* [TASK MATERIAL]

▬▬▬▬▬▬▬▬▬▬

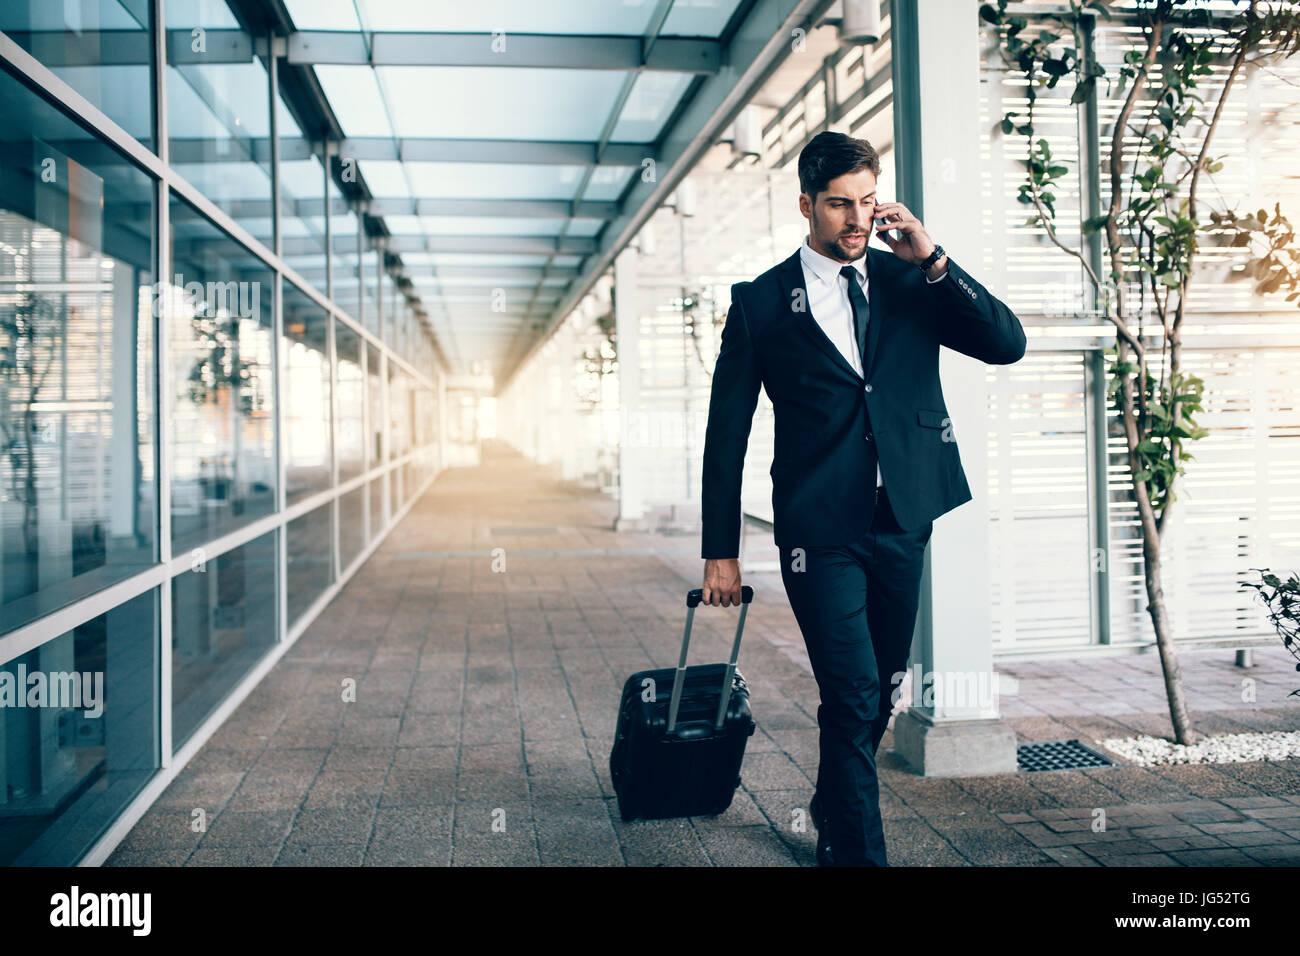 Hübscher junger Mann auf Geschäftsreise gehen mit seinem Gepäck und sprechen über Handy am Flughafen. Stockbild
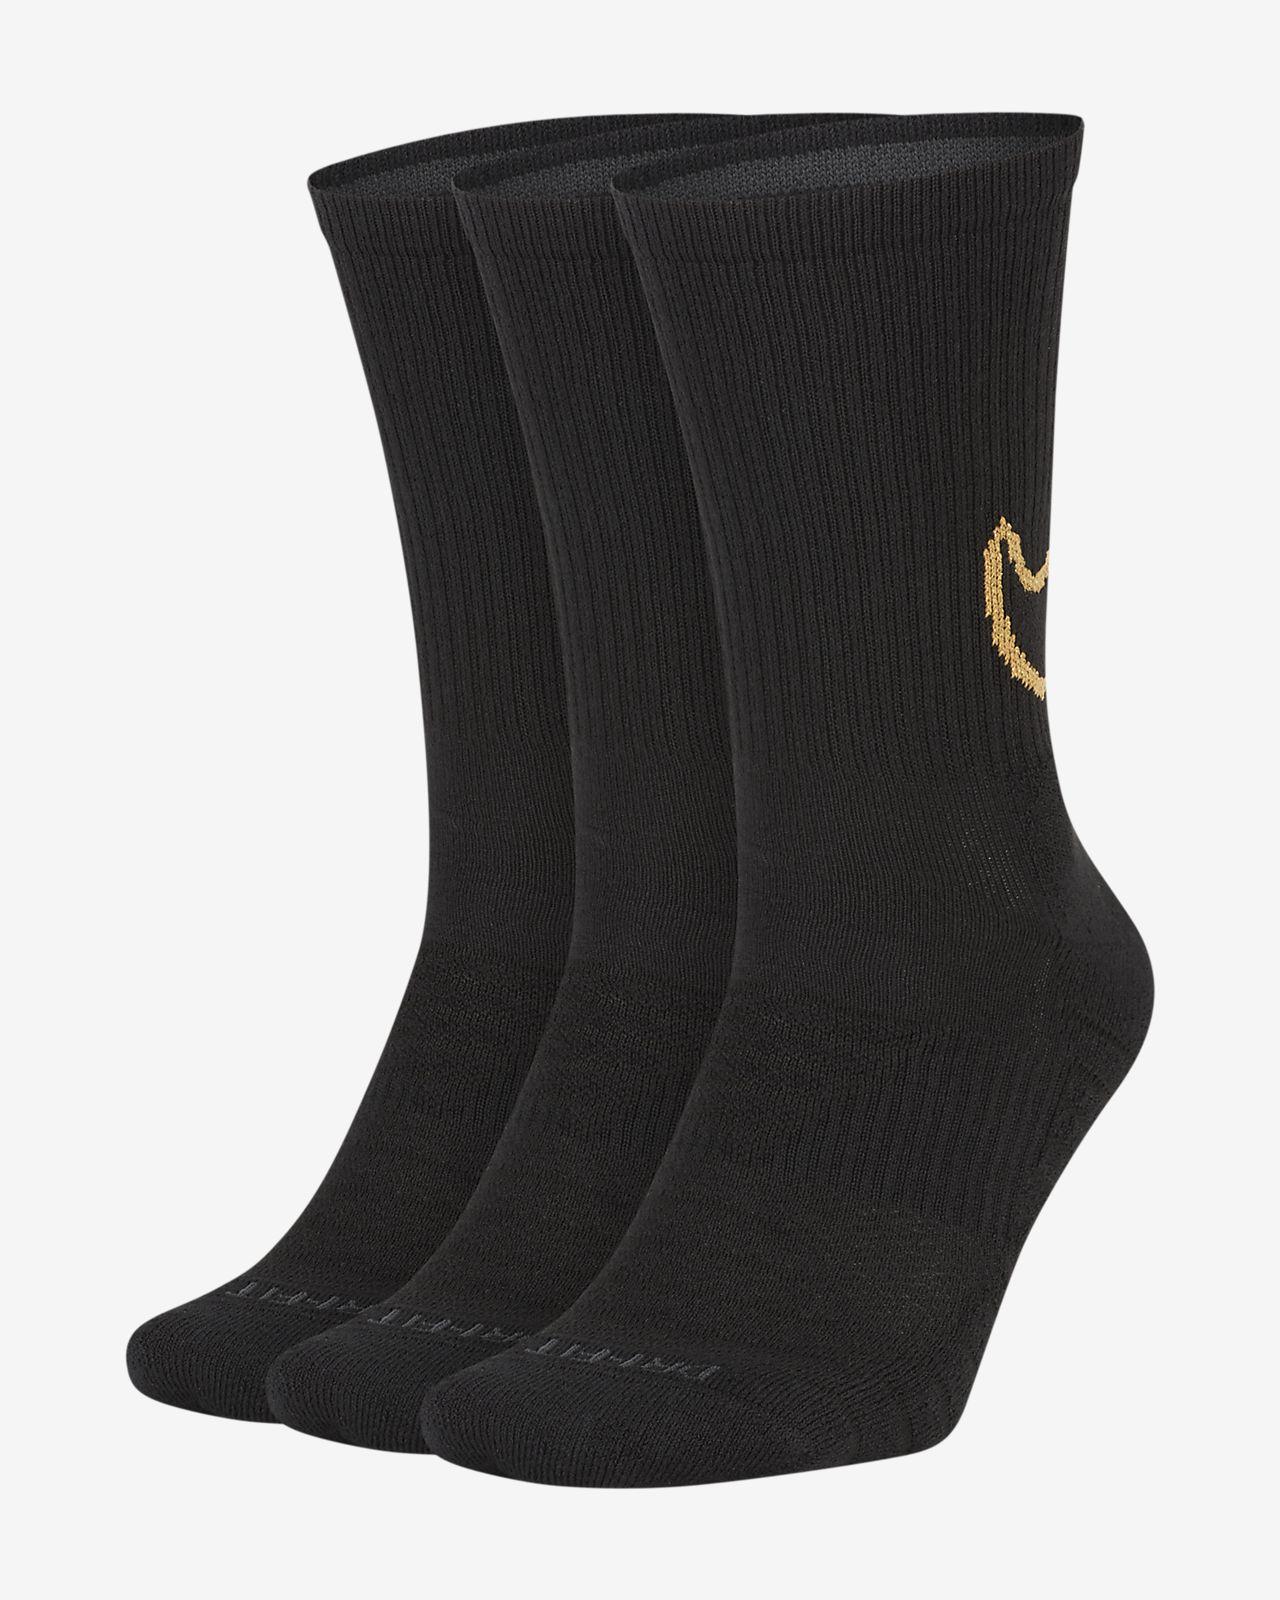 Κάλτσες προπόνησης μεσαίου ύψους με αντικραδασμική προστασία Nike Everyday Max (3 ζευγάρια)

▬▬▬▬▬▬▬▬▬▬

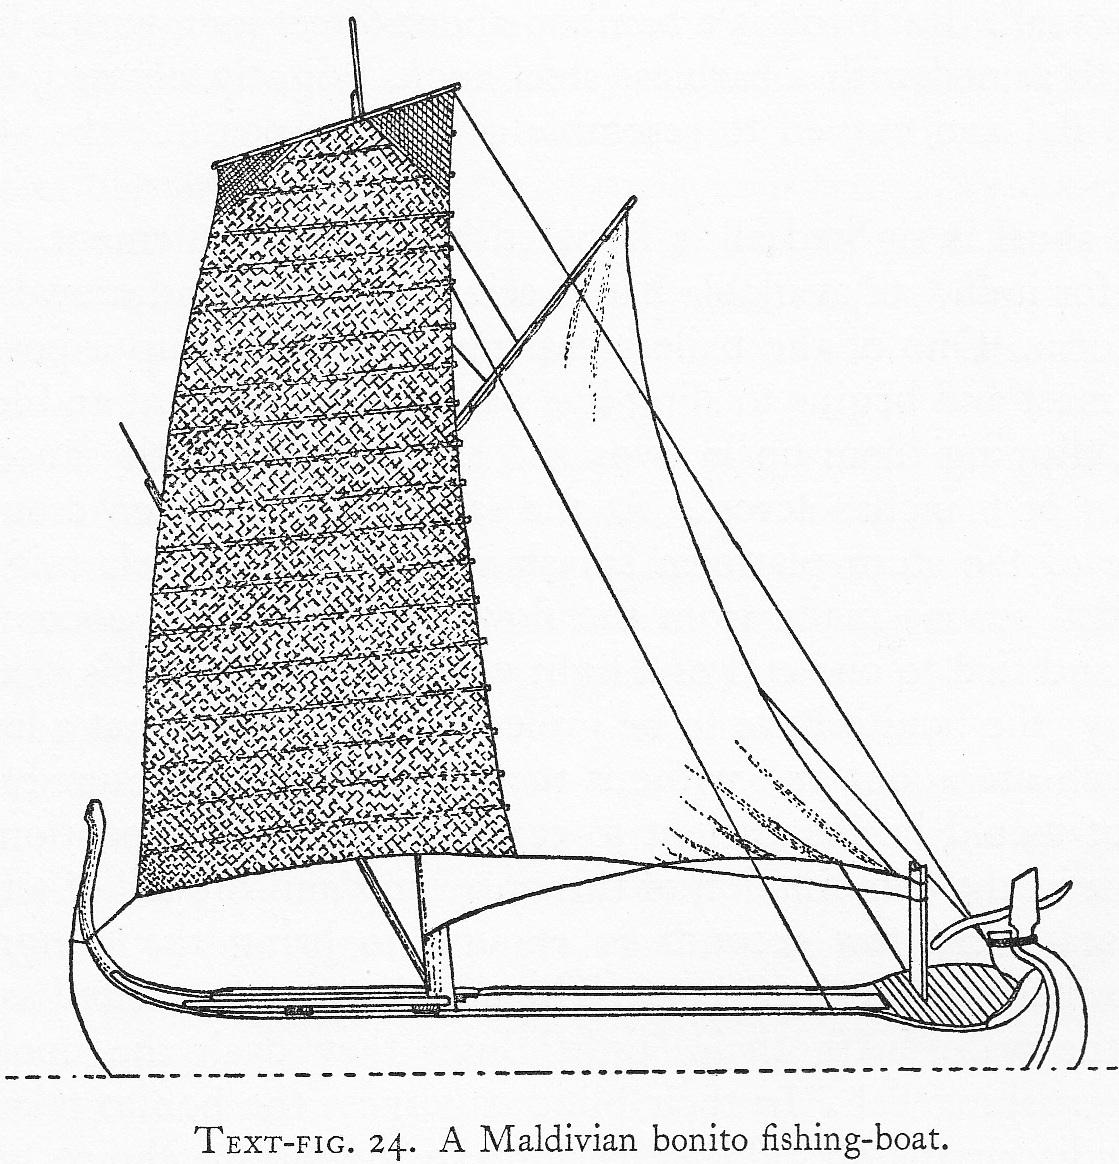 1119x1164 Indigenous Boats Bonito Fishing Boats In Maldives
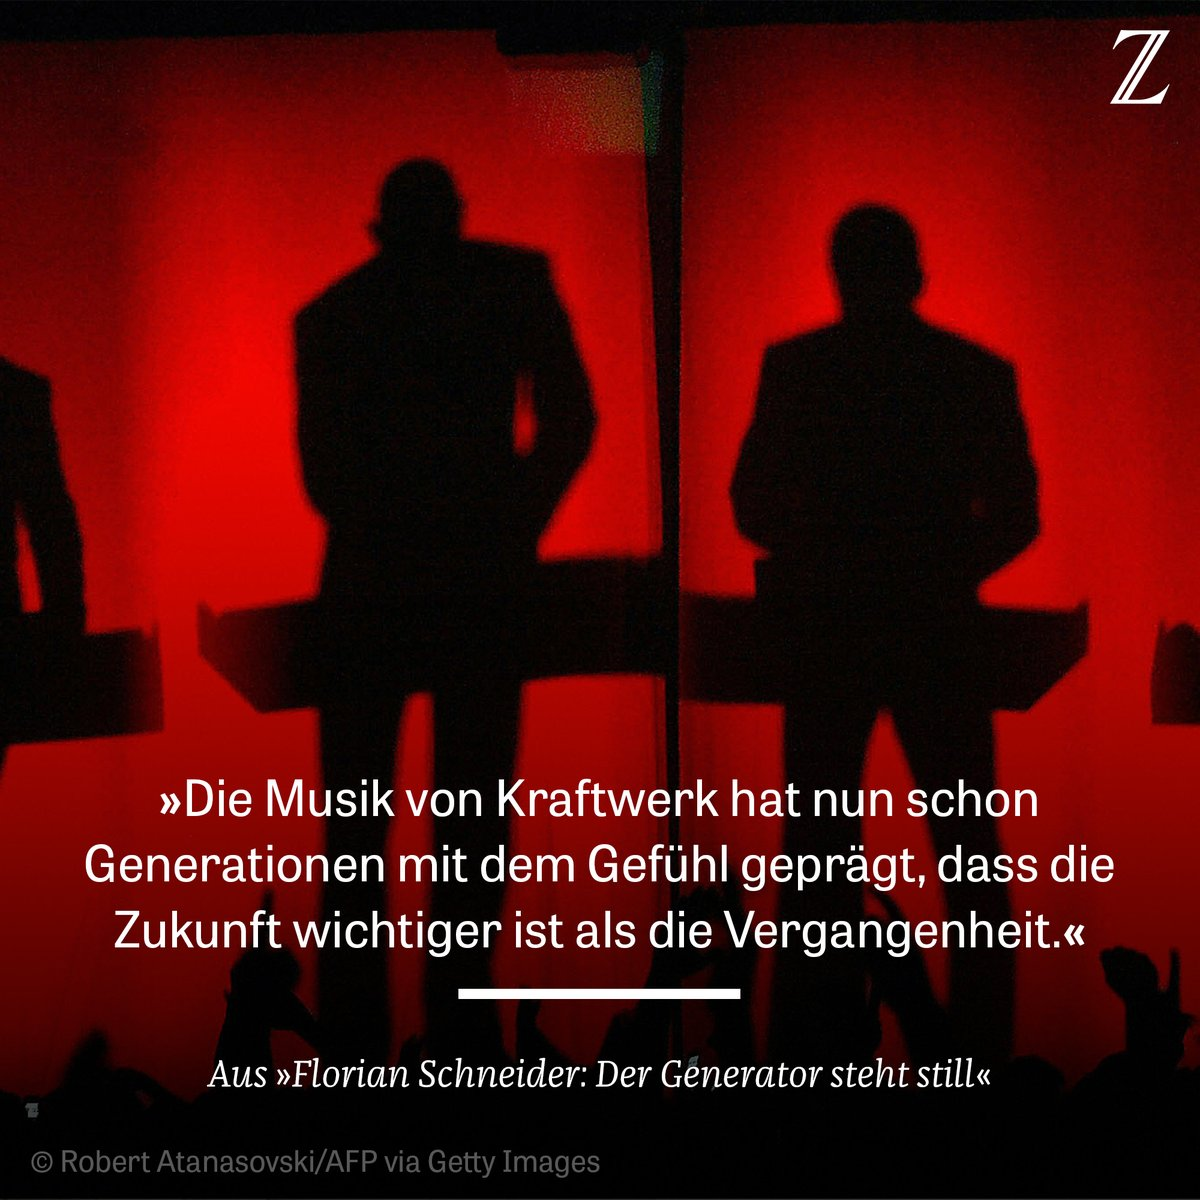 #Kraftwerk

▬▬▬▬▬▬▬▬▬▬

With the pictures omitted, copy the entries above exactly from the line containing "Hübscher junger Mann" through the line containing "Κάλτσες προπόνησης μεσαίου", both lines included.

 Hübscher junger Mann auf Geschäftsreise gehen mit seinem Gepäck und sprechen über Handy am Flughafen. Stockbild
 Κάλτσες προπόνησης μεσαίου ύψους με αντικραδασμική προστασία Nike Everyday Max (3 ζευγάρια)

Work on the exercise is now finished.